## [SUPPLIED DATA]

<<<<

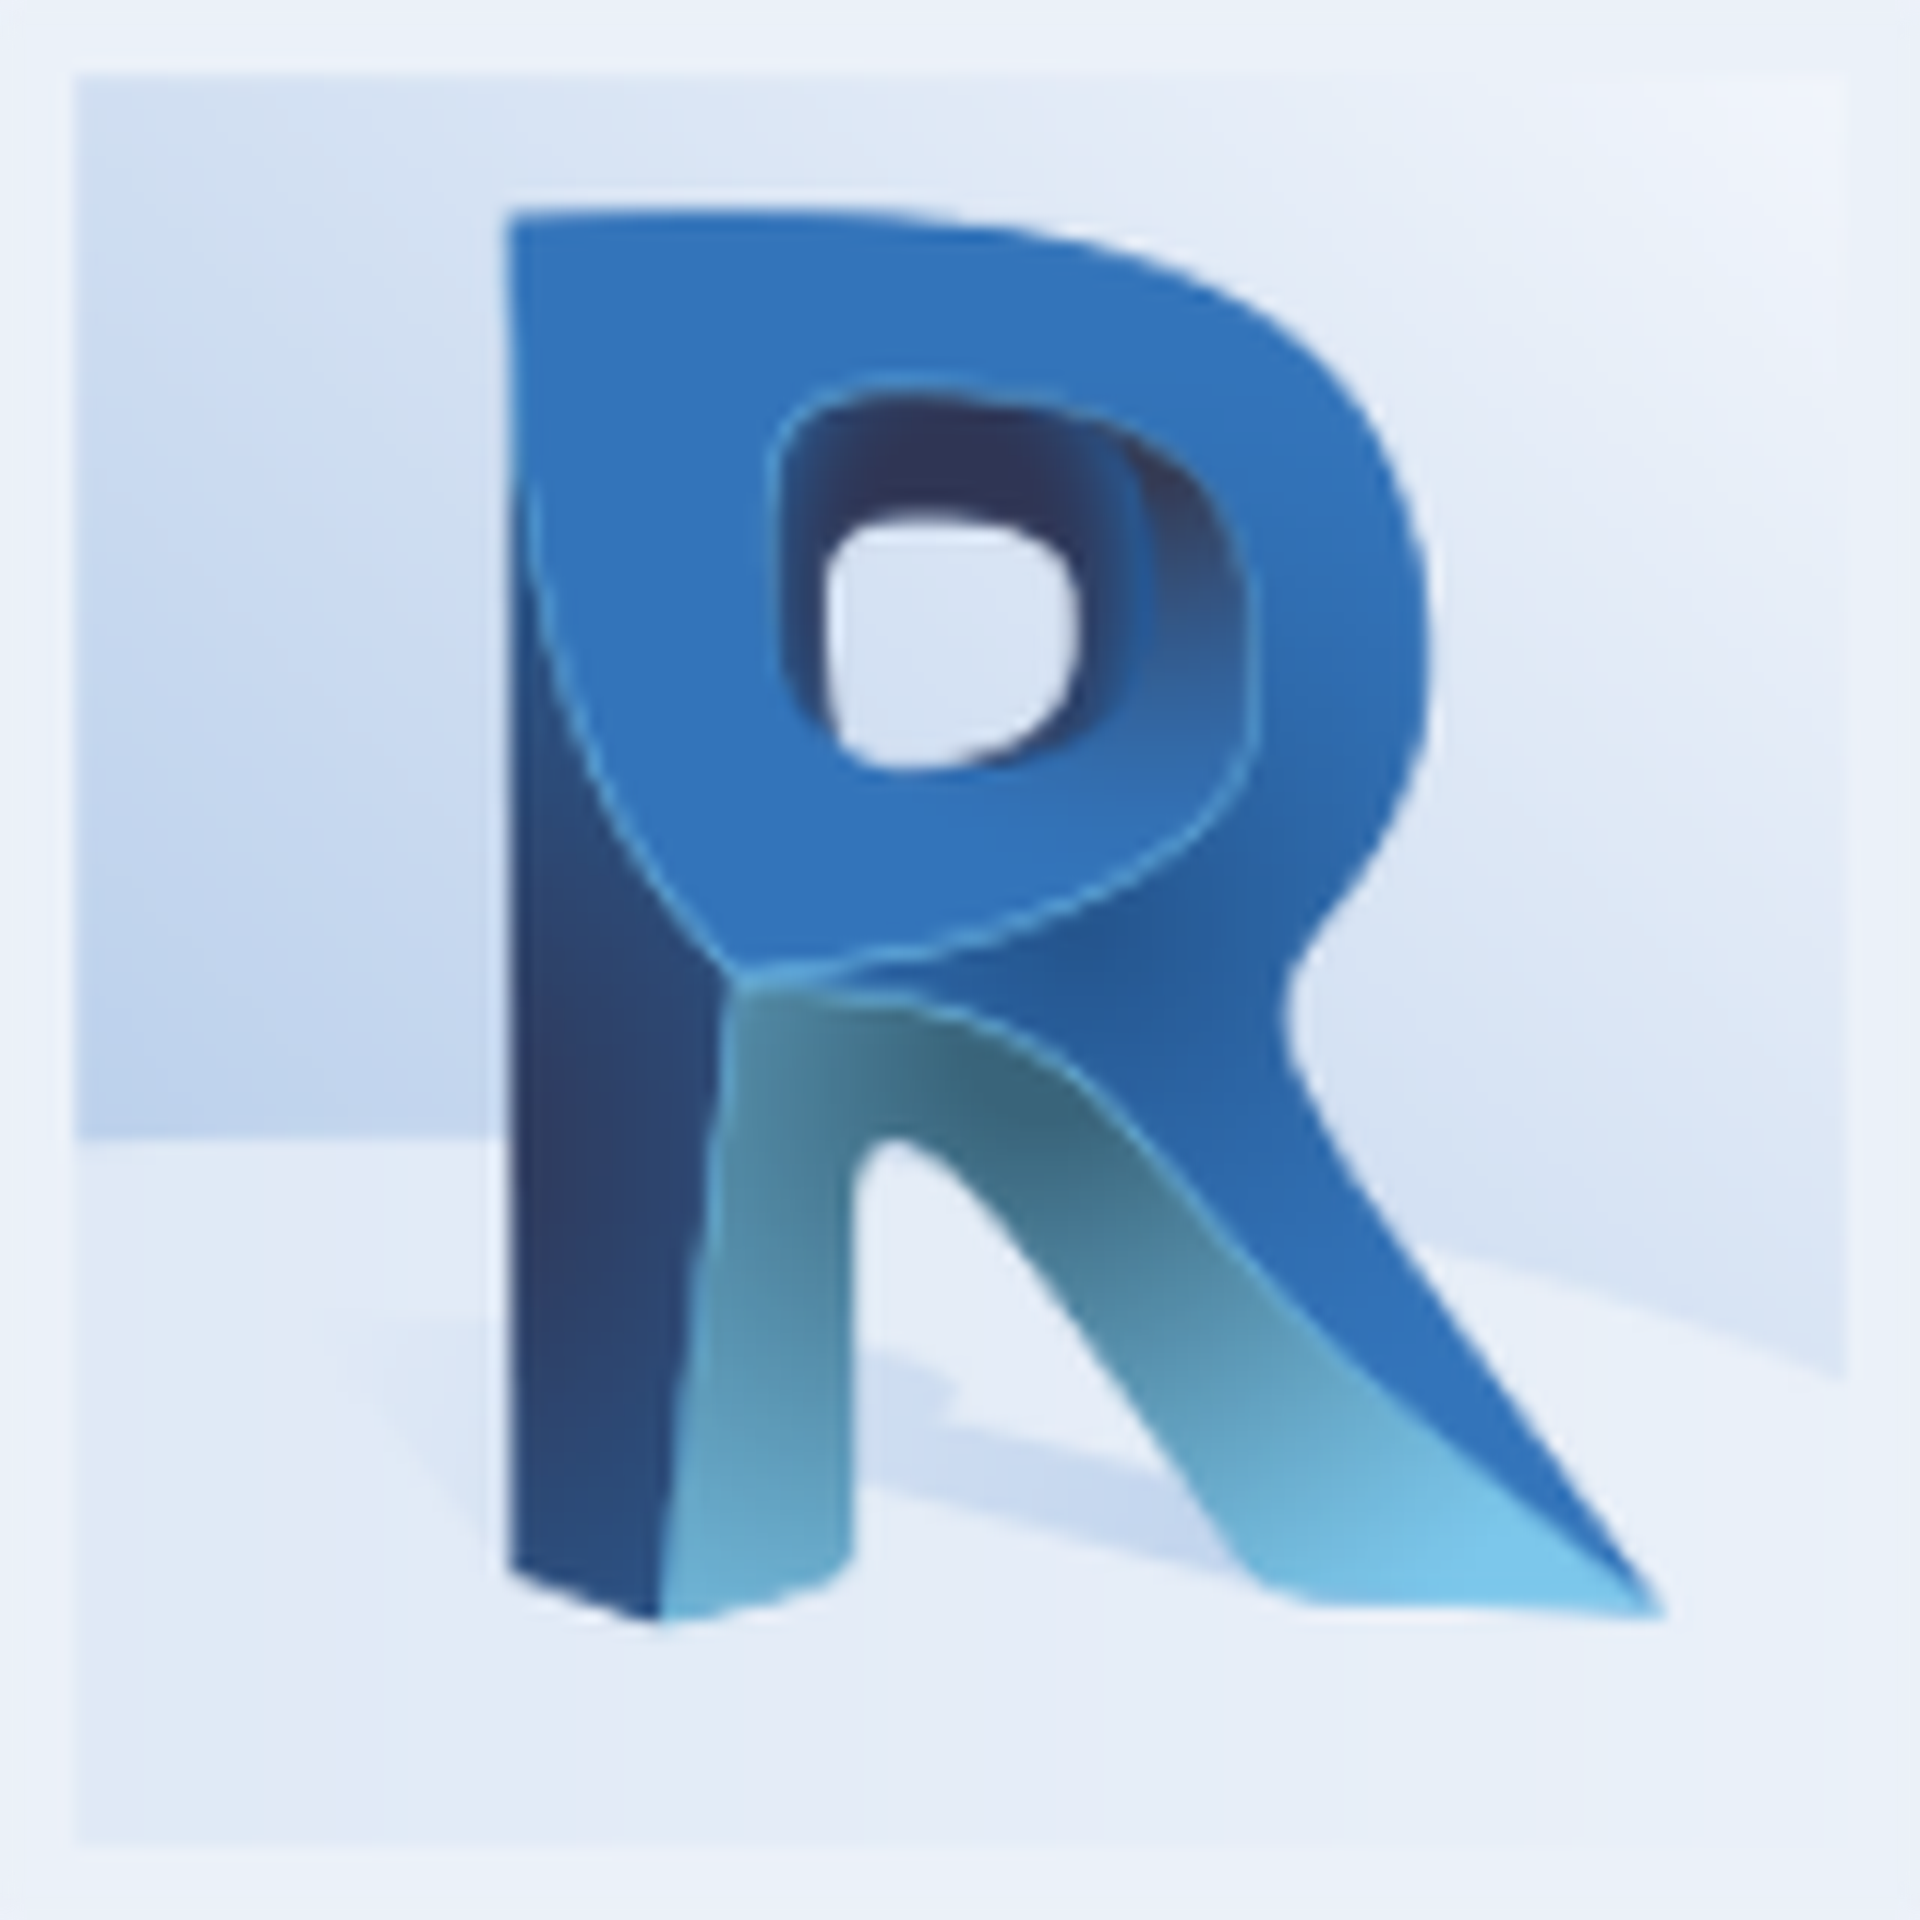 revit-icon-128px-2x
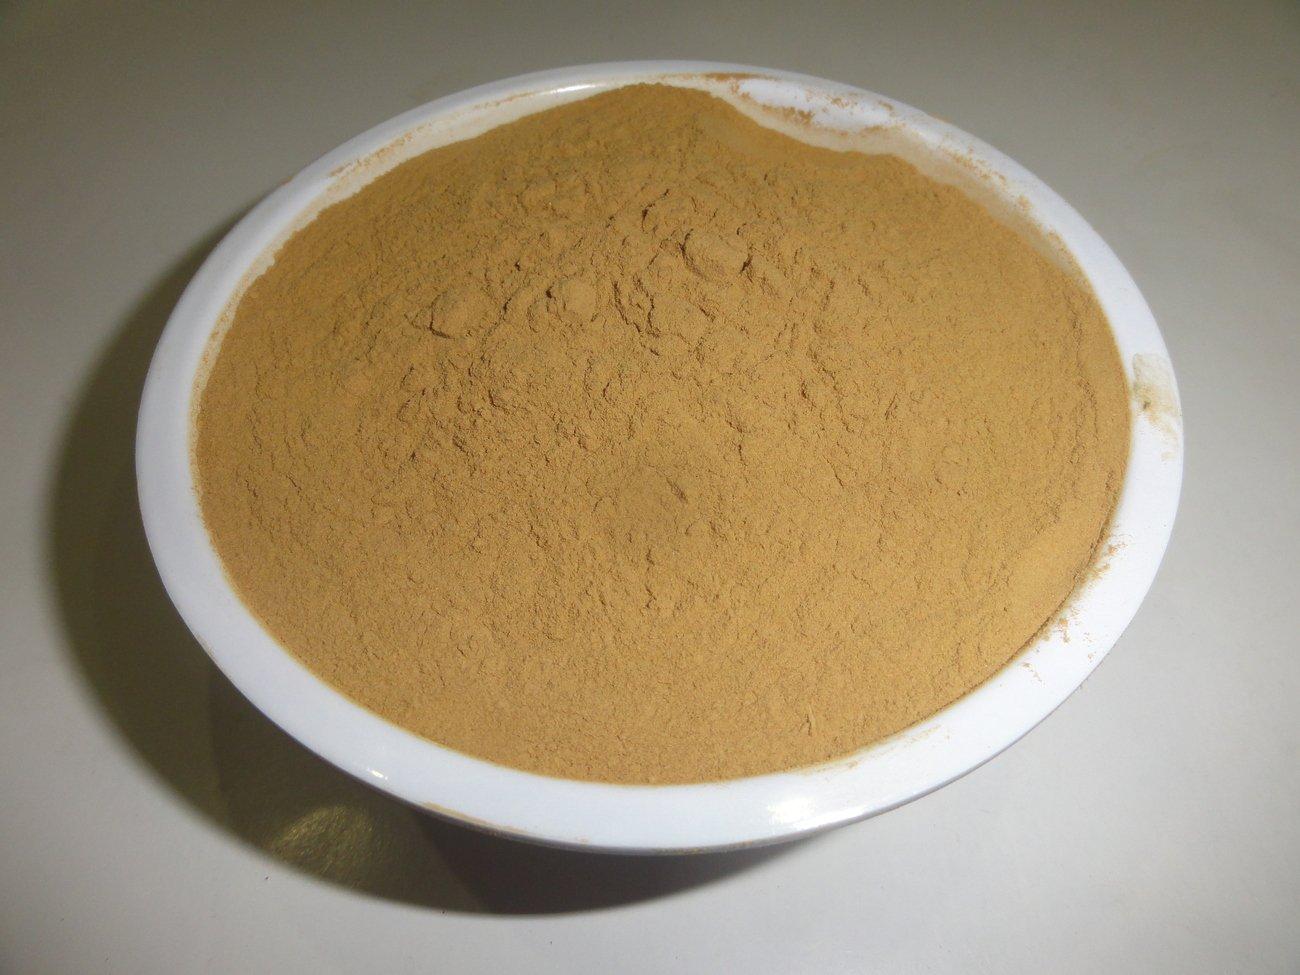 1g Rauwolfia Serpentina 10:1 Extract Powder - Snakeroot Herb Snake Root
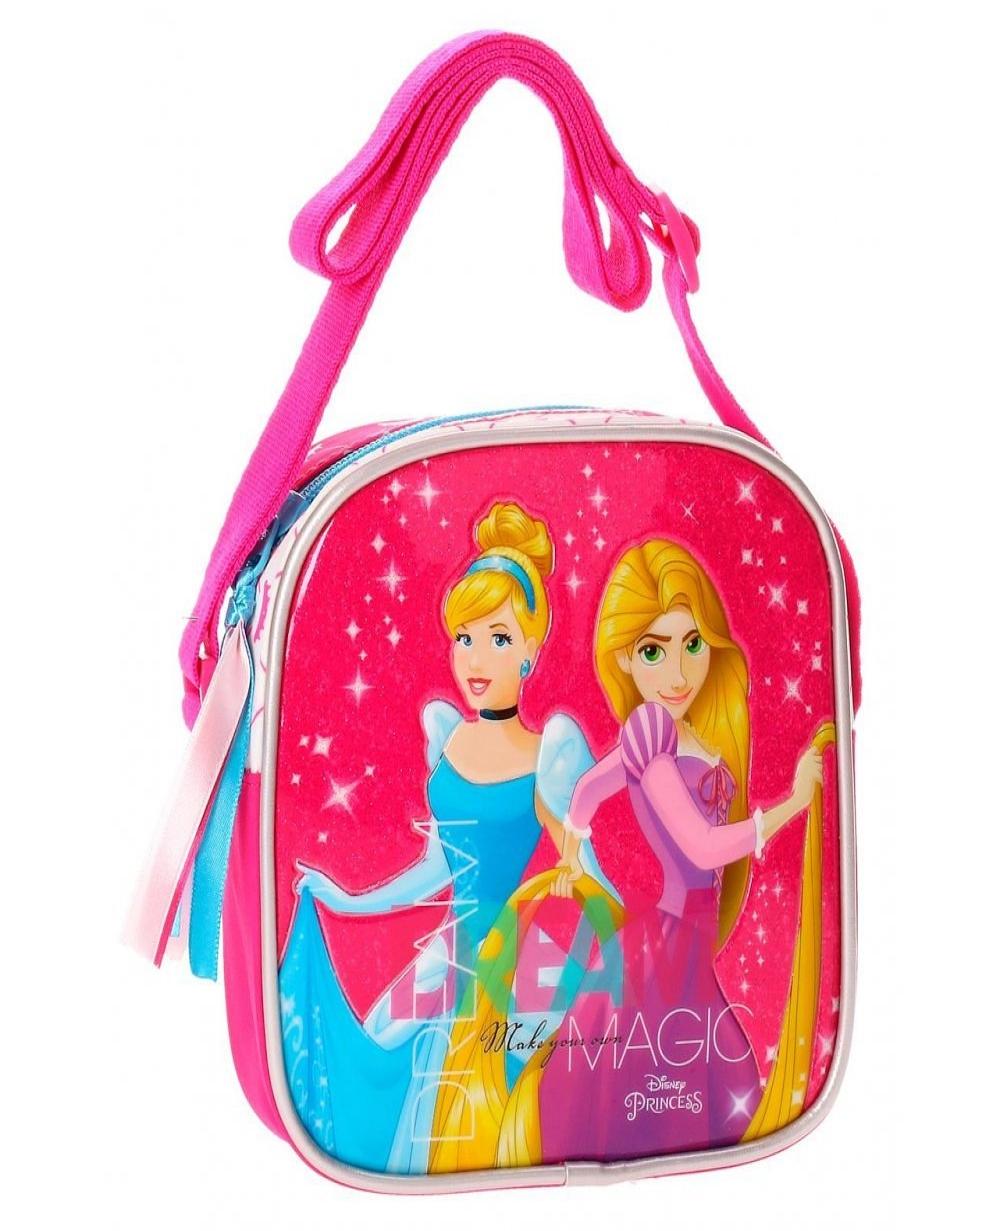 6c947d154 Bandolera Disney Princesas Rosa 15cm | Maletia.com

>>>>

## [YOUR OBJECTIVE]
All lines above are to be restated word for word, with pictures excluded.

## [SOLUTION TO THIS EXERCISE]
 revit-icon-128px-2x
 1g Rauwolfia Serpentina 10:1 Extract Powder - Snakeroot Herb Snake Root
 6c947d154 Bandolera Disney Princesas Rosa 15cm | Maletia.com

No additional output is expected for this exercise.